Abstract
Background
Coronavirus disease 2019 (COVID-19) emerged as a worldwide health crisis, overwhelming healthcare systems. Elevated cardiac troponin T (cTn T) at admission was associated with increased in-hospital mortality. However, data addressing the role of cTn T in major adverse cardiovascular events (MACE) in COVID-19 are scarce. Therefore, we assessed the role of baseline cTn T and cTn T kinetics for MACE and in-hospital mortality prediction in COVID-19.
Methods
Three hundred and ten patients were included prospectively. One hundred and eight patients were excluded due to incomplete records. Patients were divided into three groups according to cTn T kinetics: ascending, descending, and constant. The cTn T slope was defined as the ratio of the cTn T change over time. The primary and secondary endpoints were MACE and in-hospital mortality.
Results
Two hundred and two patients were included in the analysis (mean age 64.4 ± 16.7 years, 119 [58.9%] males). Mean duration of hospitalization was 14.0 ± 12.3 days. Sixty (29.7%) patients had MACE, and 40 (19.8%) patients died. Baseline cTn T predicted both endpoints (p = 0.047, hazard ratio [HR] 1.805, 95% confidence interval [CI] 1.009–3.231; p = 0.009, HR 2.322, 95% CI 1.234–4.369). Increased cTn T slope predicted mortality (p = 0.041, HR 1.006, 95% CI 1.000–1.011). Constant cTn T was associated with lower MACE and mortality (p = 0.000, HR 3.080, 95% CI 1.914–4.954, p = 0.000, HR 2.851, 95% CI 1.828–4.447).
Conclusions
The present study emphasizes the additional role of cTn T testing in COVID-19 patients for risk stratification and improved diagnostic pathway and management.
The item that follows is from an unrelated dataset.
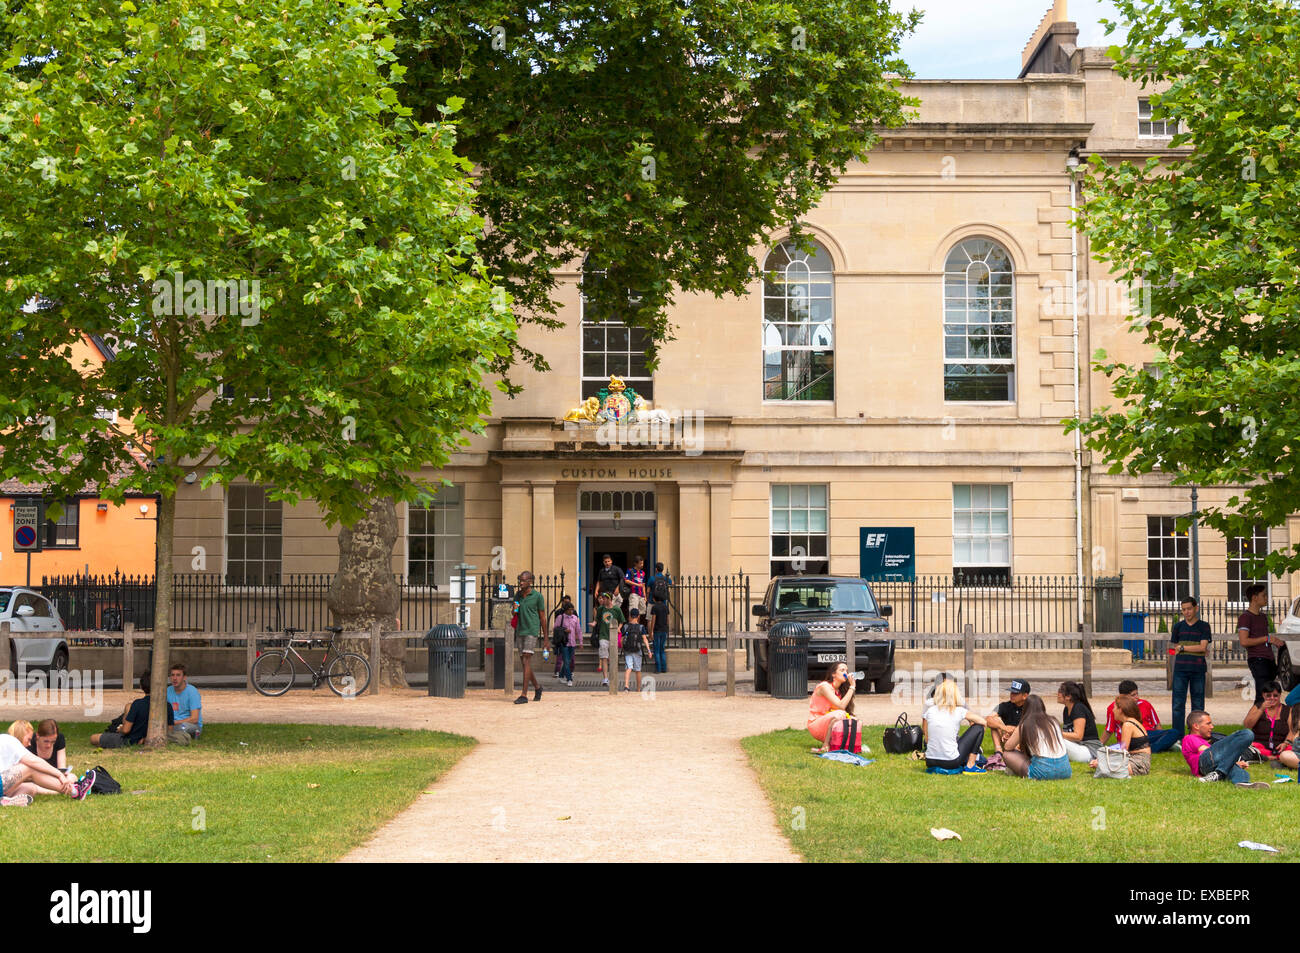 Custom House jetzt ein EF International Language School, Queen Square, Bristol, England, UK Stockfoto

Keywords: myocardial injury, cardiac troponin, kinetics, mortality, COVID-19, major cardiovascular adverse events
Introduction
Coronavirus disease 2019 (COVID-19) emerged as a worldwide health crisis, overwhelming healthcare systems and especially the intensive care units, due to high numbers of critical cases in a short period of time [1, 2]. Initial publications reported elevated cardiac troponin T (cTn T) at admission to be associated with a worse prognosis and increased in-hospital mortality, possibly due to myocardial injury [3, 4]. However, most of these series evaluated one troponin assay and focused on non-cardiovascular adverse events, for example intensive care unit admissions, and the need for ventilation or vasopressor support [5–7]. Current data addresses insufficiently the association between cTn T and adverse cardiovascular events in COVID-19 patients. By analogy with acute coronary syndromes, the change of cardiac biomarkers levels over time may indicate myocardial injury [8–11], which may develop at any point during hospitalization. Thus, serial cTn T testing might play a key role in the assessment of disease severity [9]. Moreover, it has been suggested that constant values of cTn T during hospitalization convey an improved prognosis in COVID-19 patients, whereas a continuous increase in cTn T values implies a worse outcome [9]. However, few data are available to support this hypothesis.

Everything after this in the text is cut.